The attorney told Thomas his statements were understood to mean that George was an irresponsible parent; an unfit mother, was careless when it came to the safety and care of her child; was immoral; was a perpetrator of child abuse and reckless endangerment of her child; and wilfully exposed her daughter to danger with adult men.

She also said that Thomas’ statements meant that the child seduced men, in particular, the prime minister; was flirtatious and was flirting with the prime minister; was immoral; sexually precocious; and was on the steelband float for the purpose of flirting with adult men.

Farah-Tull said Facebook, being the most popular and leading social media site, enjoyed a substantial online viewership in TT and the world, with a wide audience. She said Thomas’s post became known to a substantial but unquantifiable number of unidentifiable readers.

She also said Thomas’s post elicited defamatory statements from many others. She also held him responsible for the republication of the post in his statements he gave to the Trinidad Express newspapers soon after.

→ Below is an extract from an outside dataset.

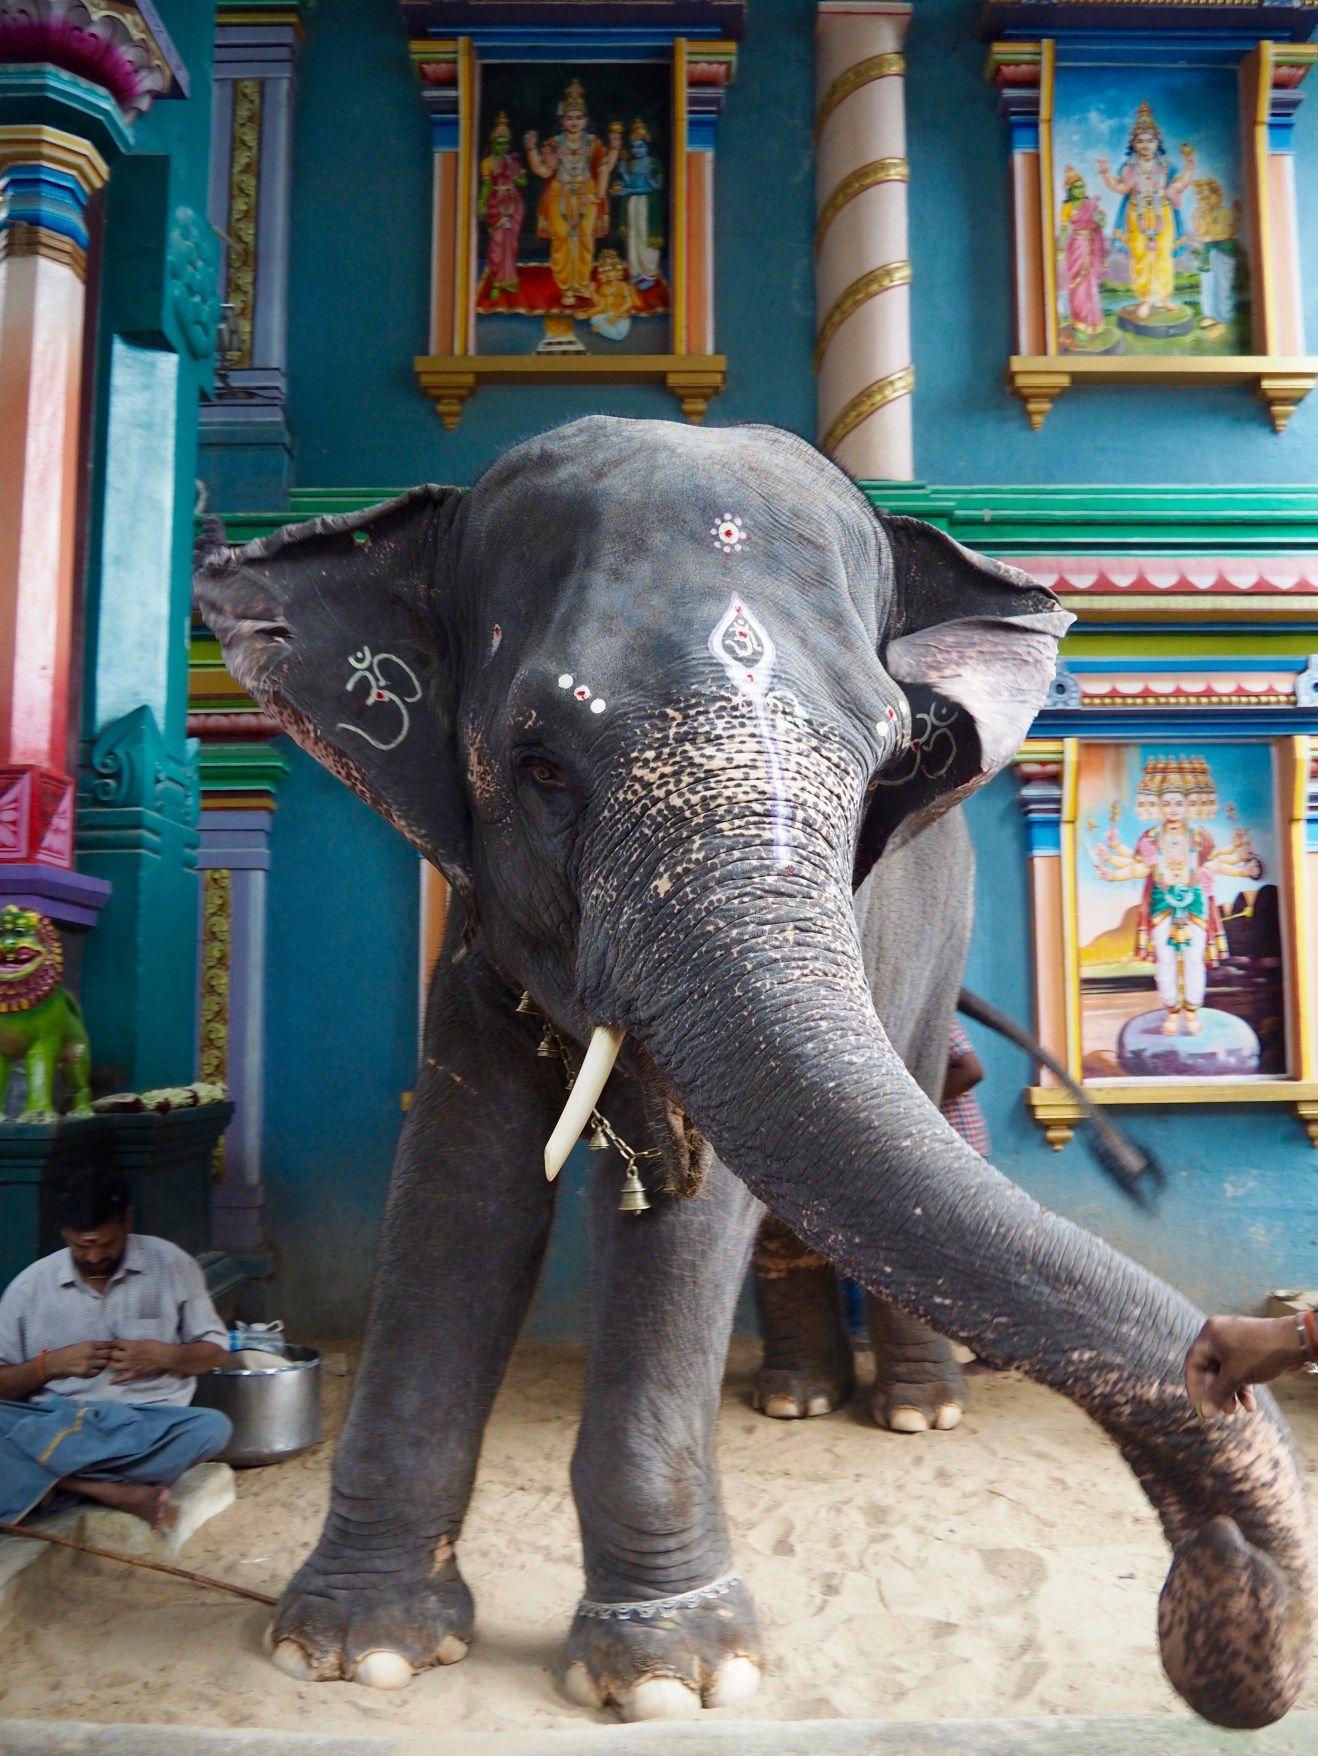 The Ultimate Pondicherry Travel Guide For India Top Things To Do In This Amazing Beach Town Met Afbeeldingen Rondreizen Reizen Bezienswaardigheden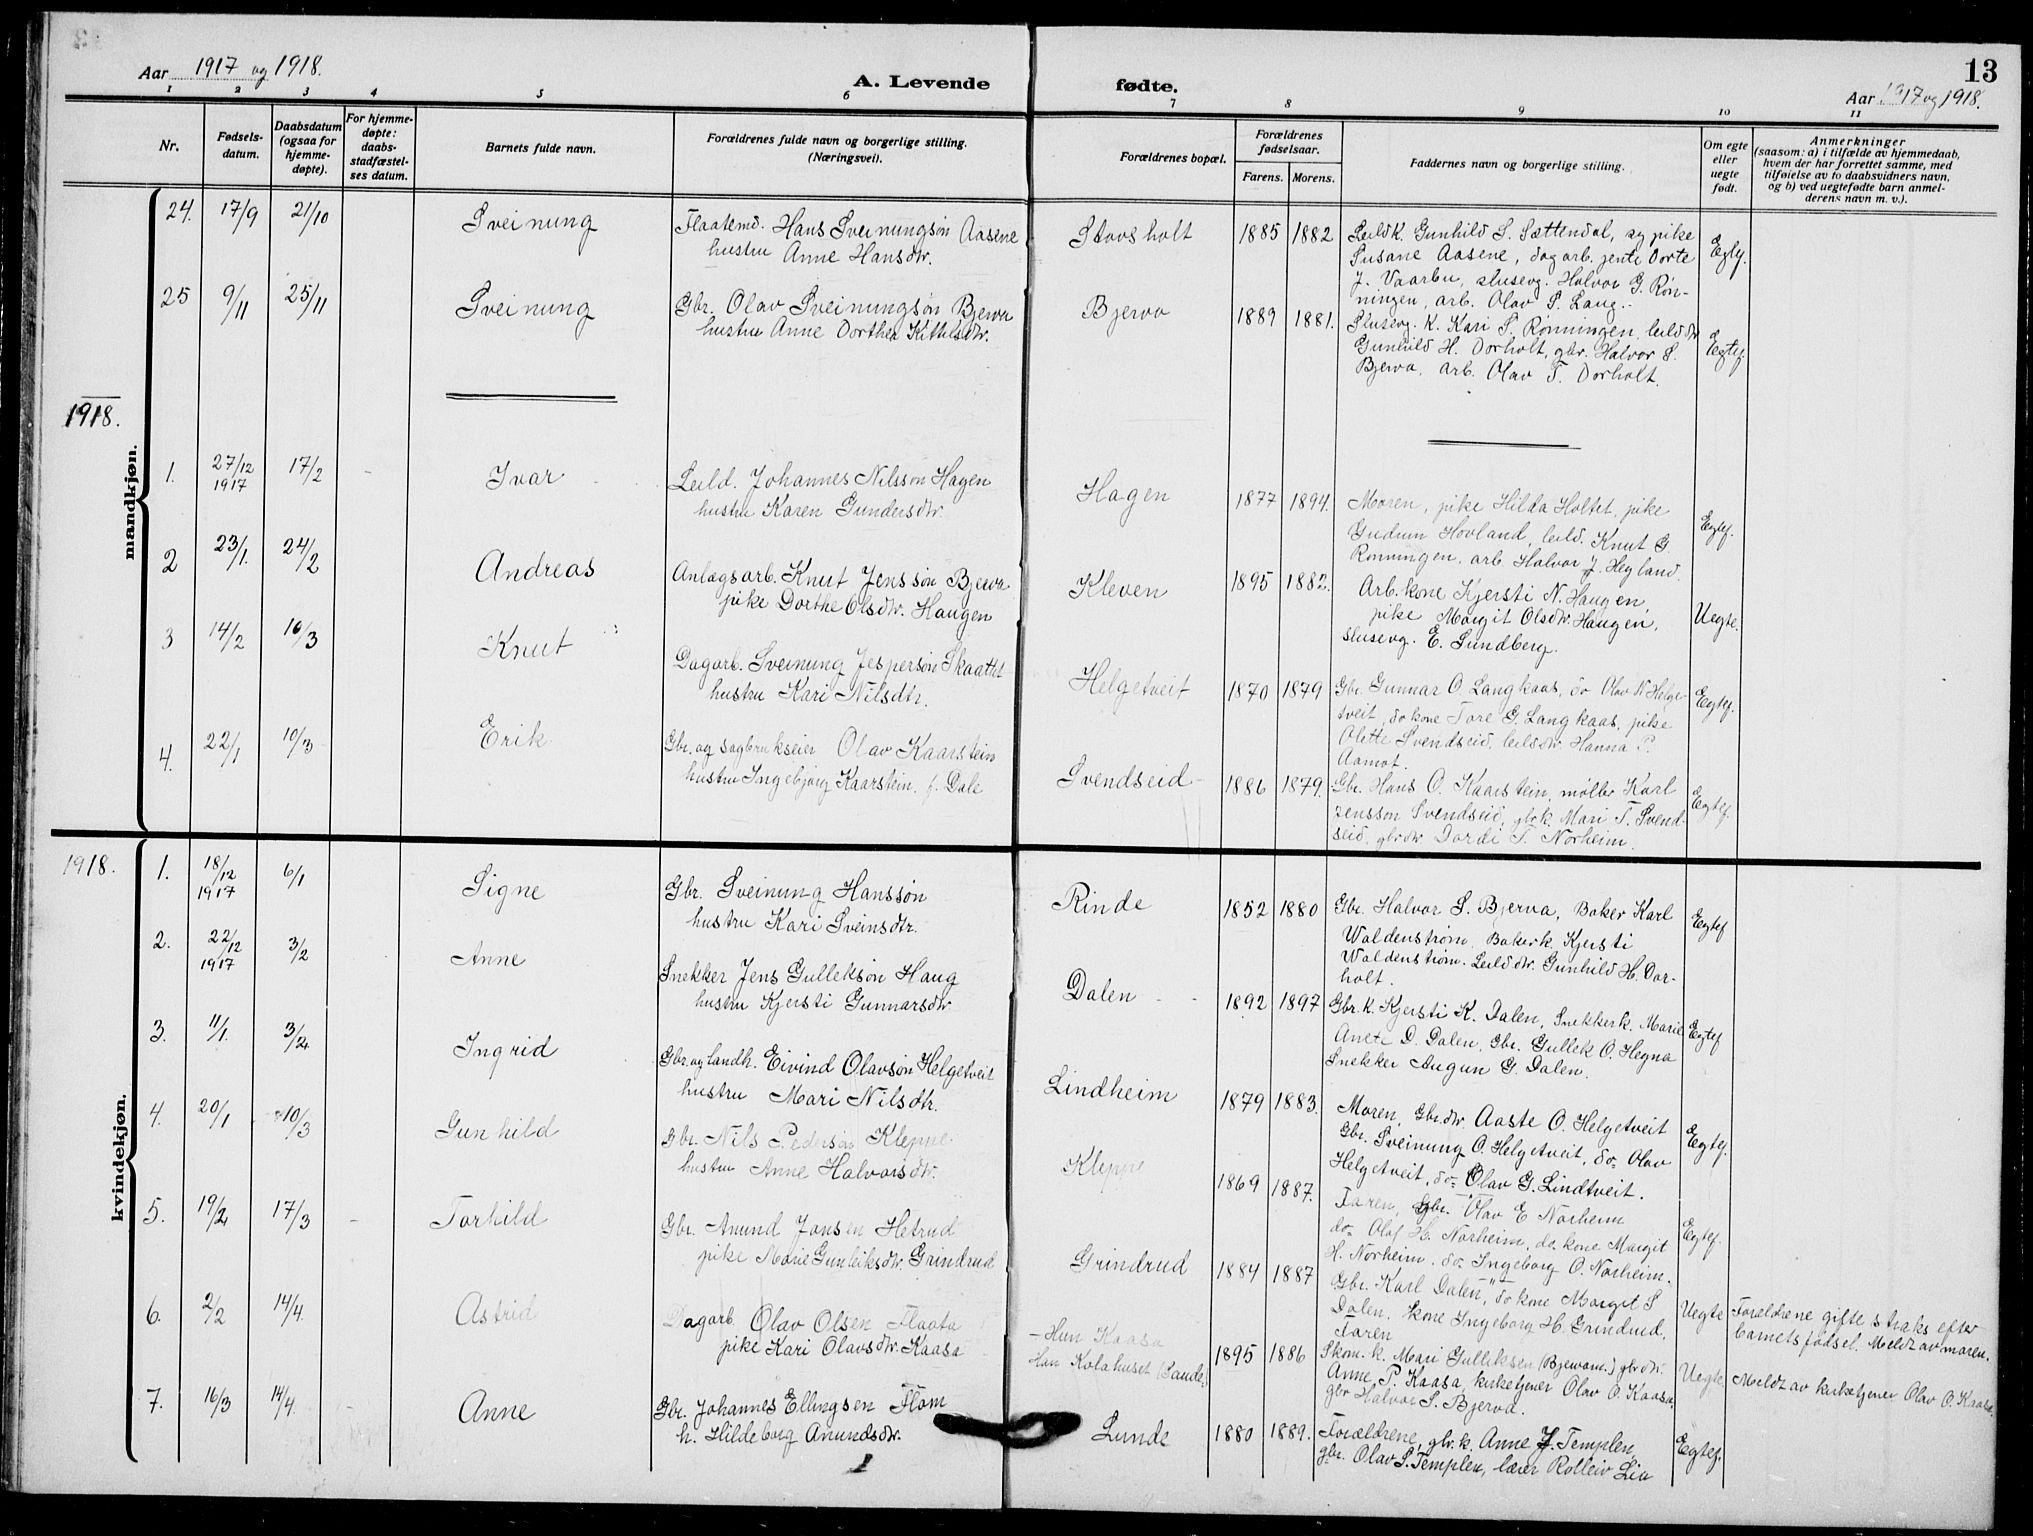 SAKO, Lunde kirkebøker, F/Fa/L0005: Ministerialbok nr. I 5, 1914-1922, s. 13

The attorney told him he ought to have anticipated there was a significant risk that what he said would be repeated, since he was a well-known public figure as a political activist and radio talk-show host.

She said the post went viral, considering the prime minister was made the subject of ridicule.

In the letter, George vehemently denied any and all of the allegations and innuendo of the behaviour alleged in Thomas’s post. Farah-Tull said the pre-school owner suffered shame, distress, anxiety, and embarrassment because of Thomas’ “disparaging”, “defamatory,” and “highly malicious” statements. which were made with the ulterior motive of furthering his political vendetta against the prime minister.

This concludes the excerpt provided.